What is needed is a faithful transcription of all the data below, pictures excluded.

Data below:
========================

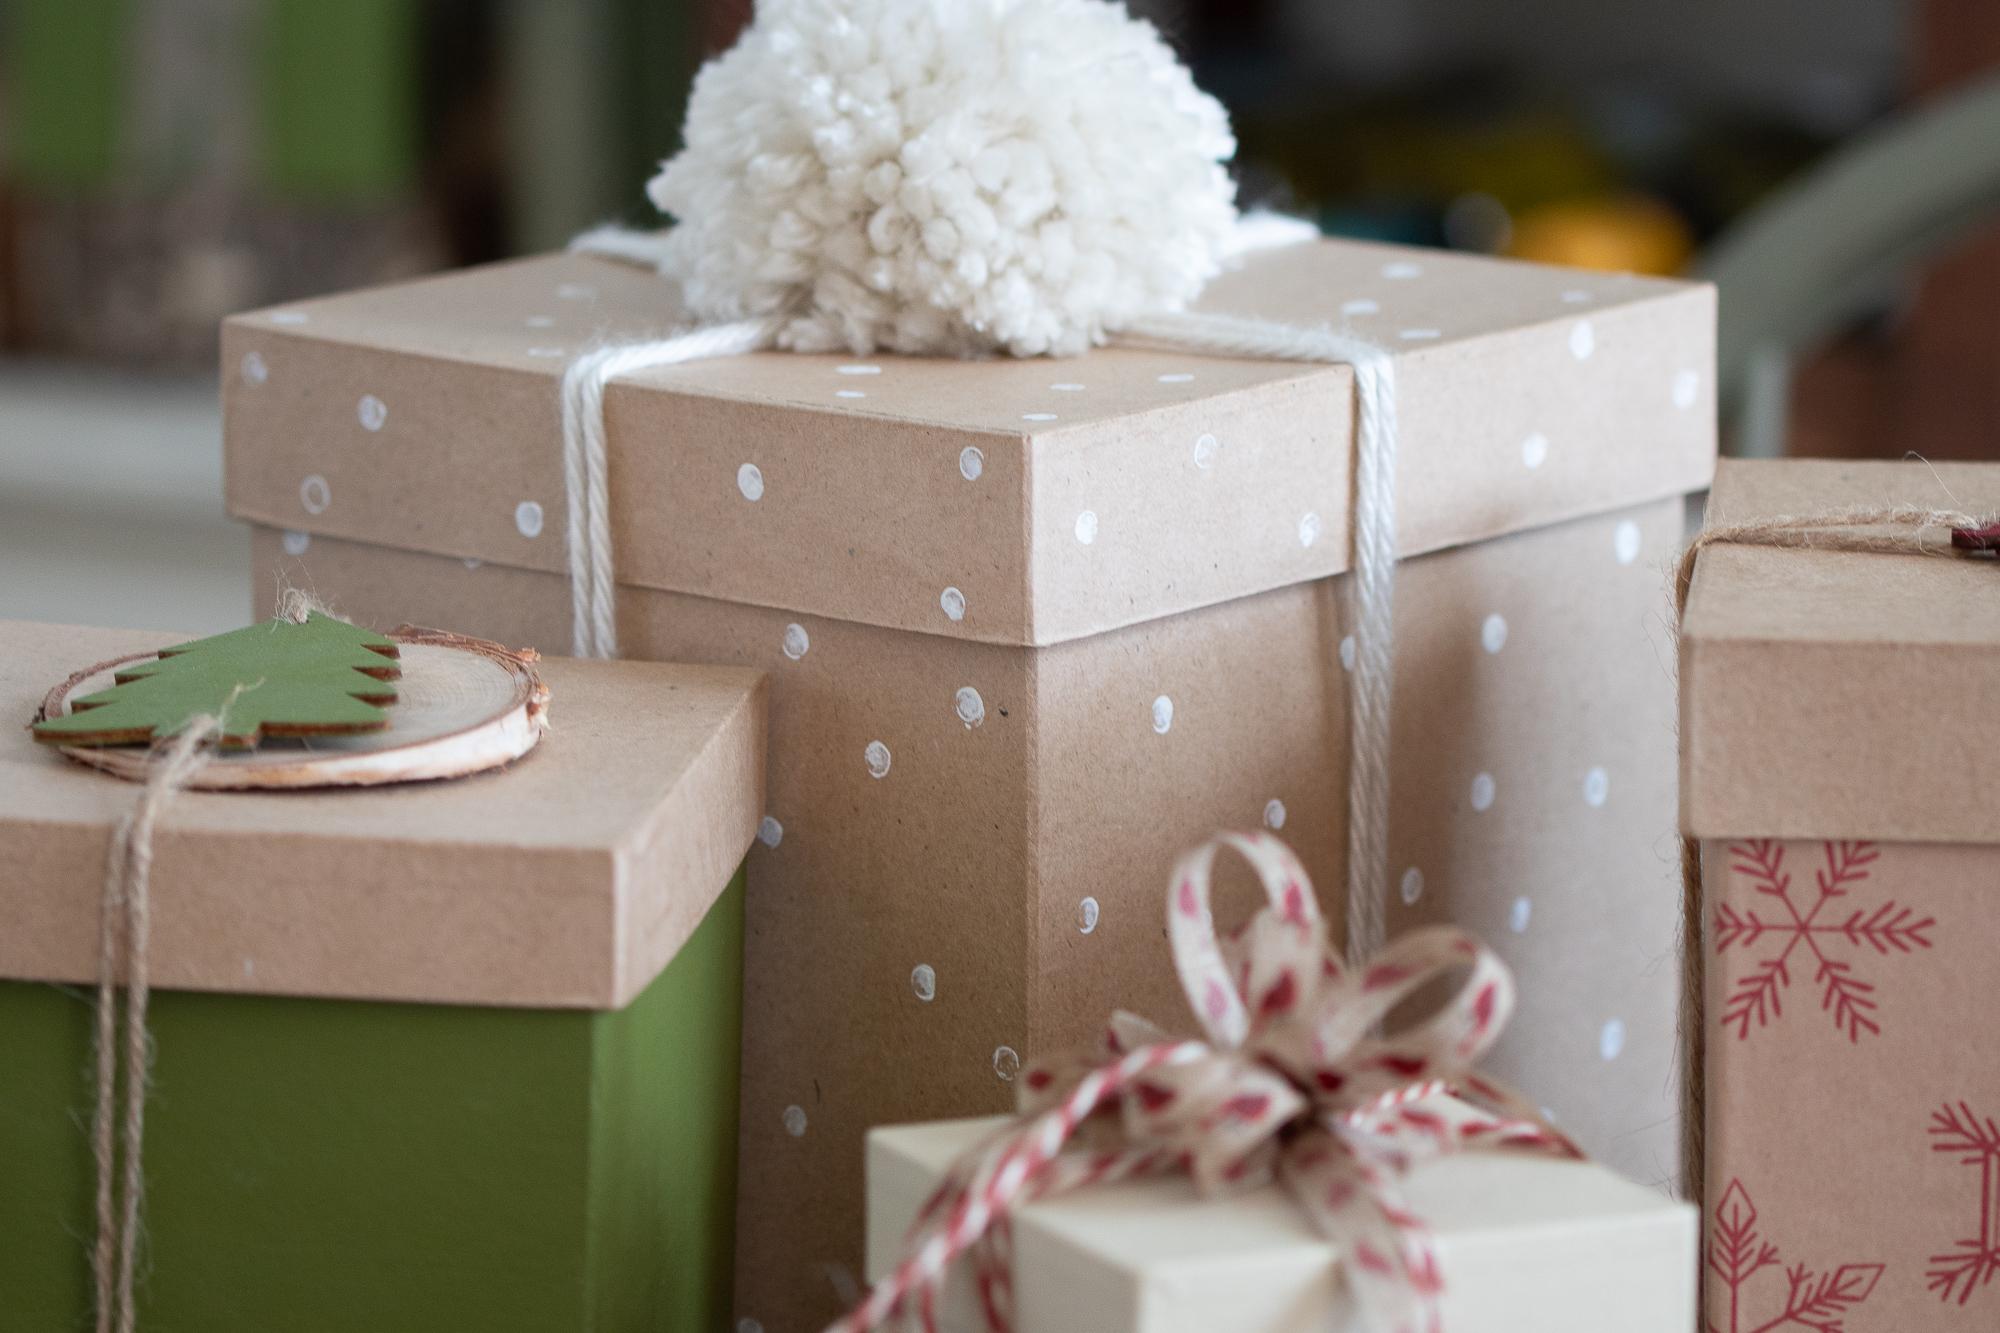 box1 (1 of 1)
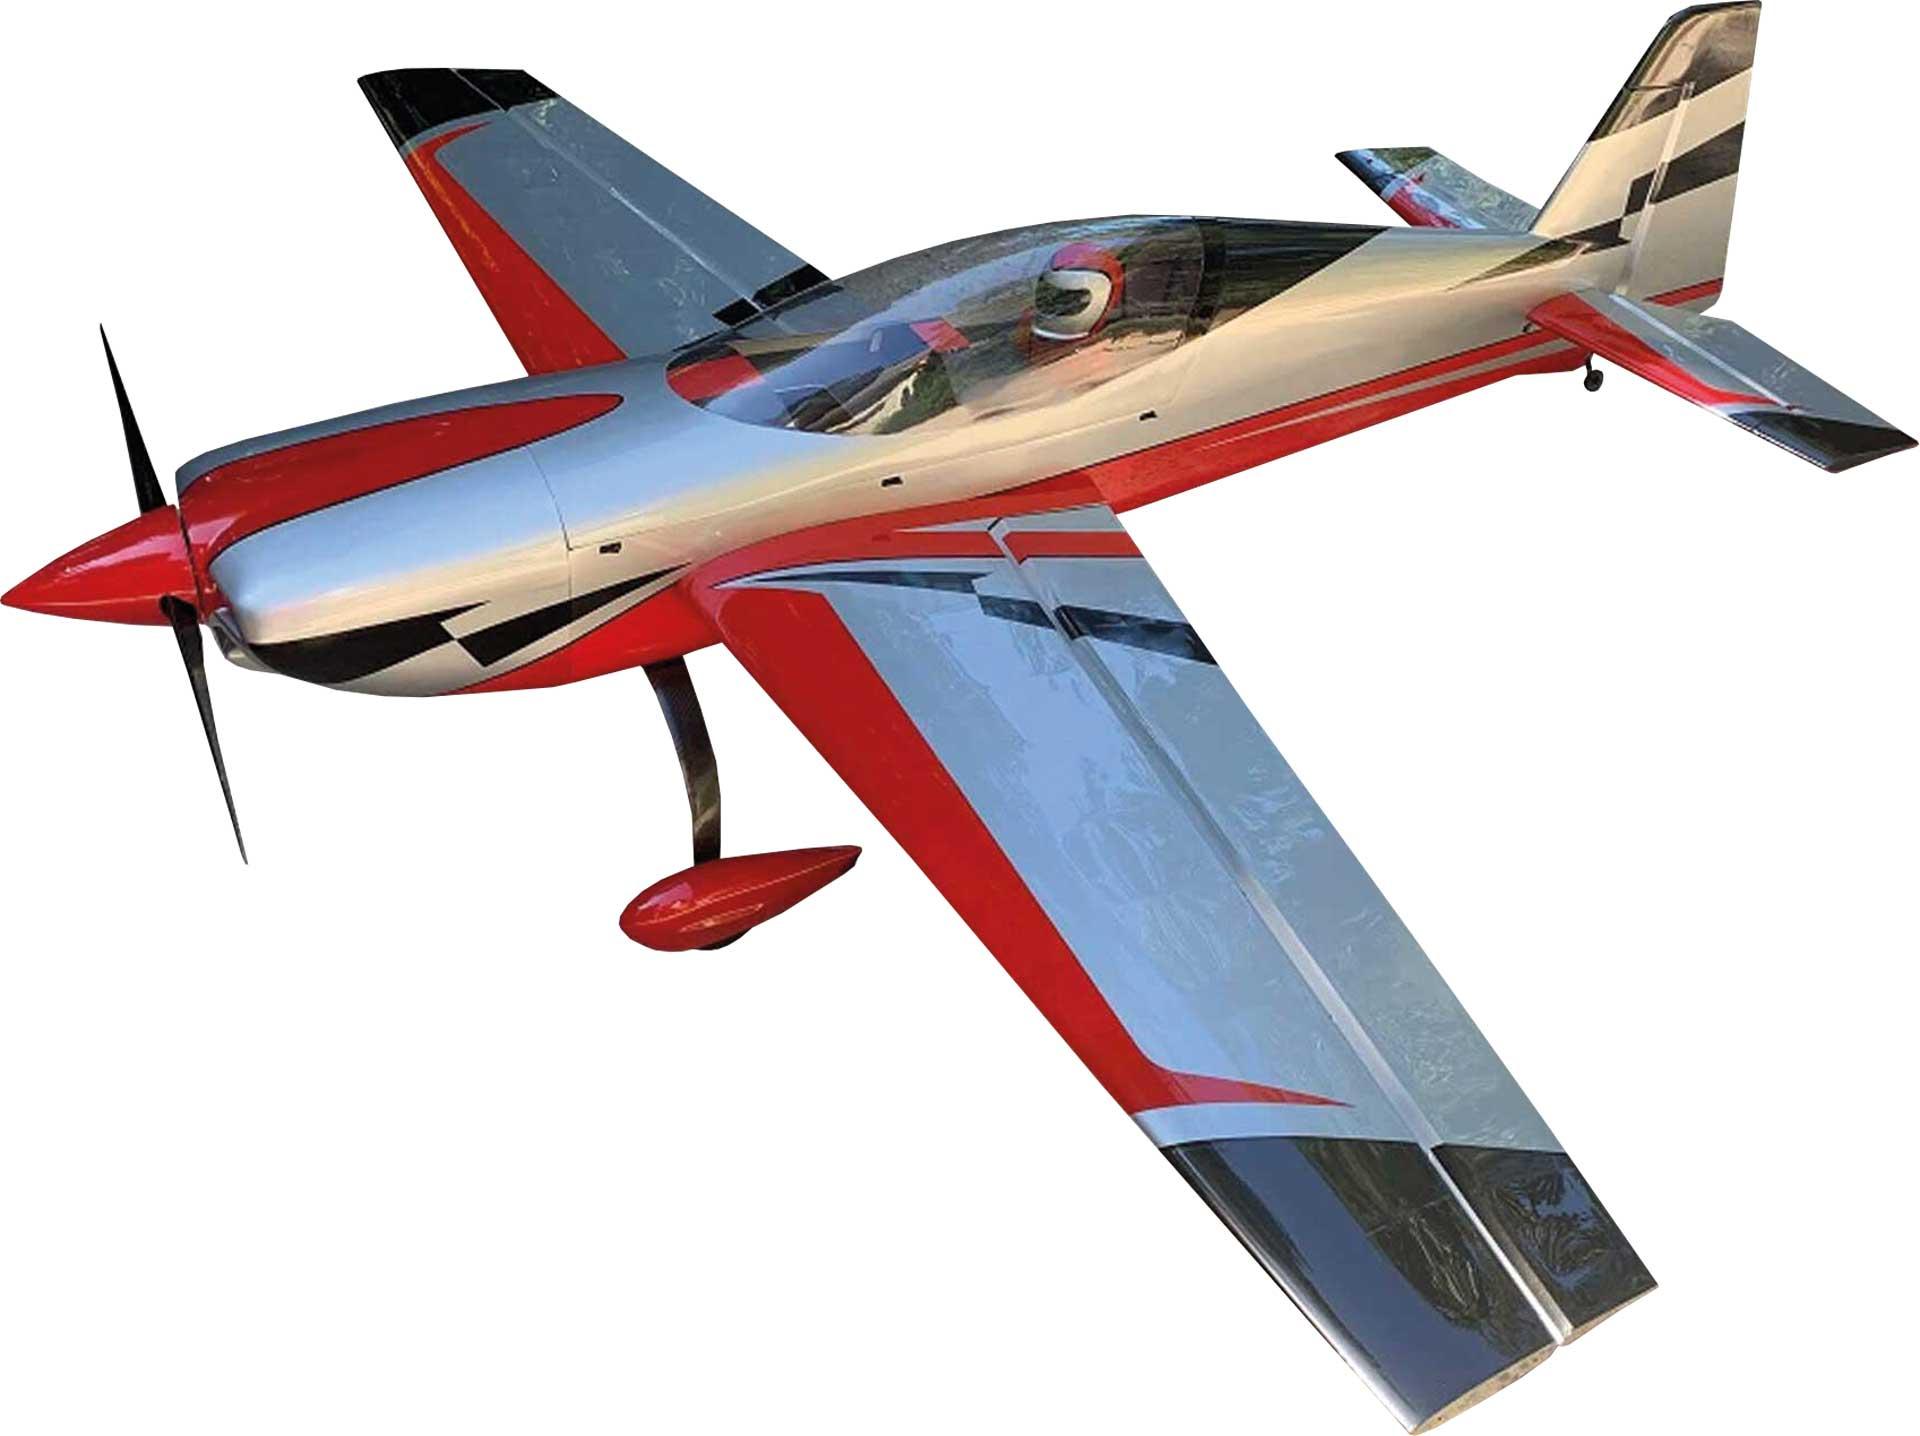 "EXTREMEFLIGHT-RC EXTRA NG 104"" Rot/Silber ARF"
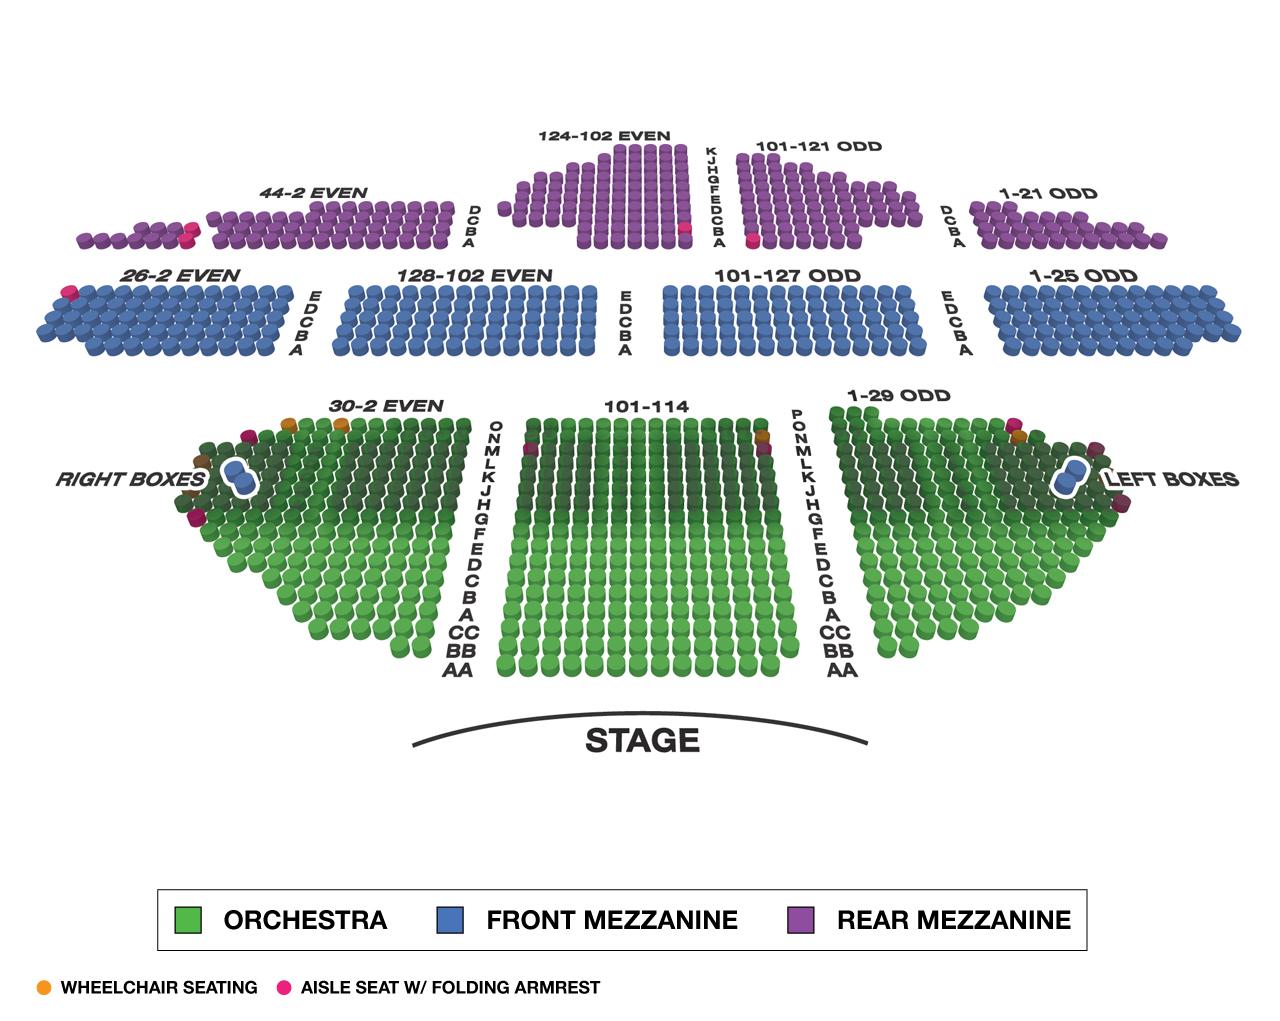 Ambassador Theatre Broadway 3D Seating Chart Large

========================

Answer space:
 box1 (1 of 1)
 "EXTREMEFLIGHT-RC EXTRA NG 104"" Rot/Silber ARF"
 Ambassador Theatre Broadway 3D Seating Chart Large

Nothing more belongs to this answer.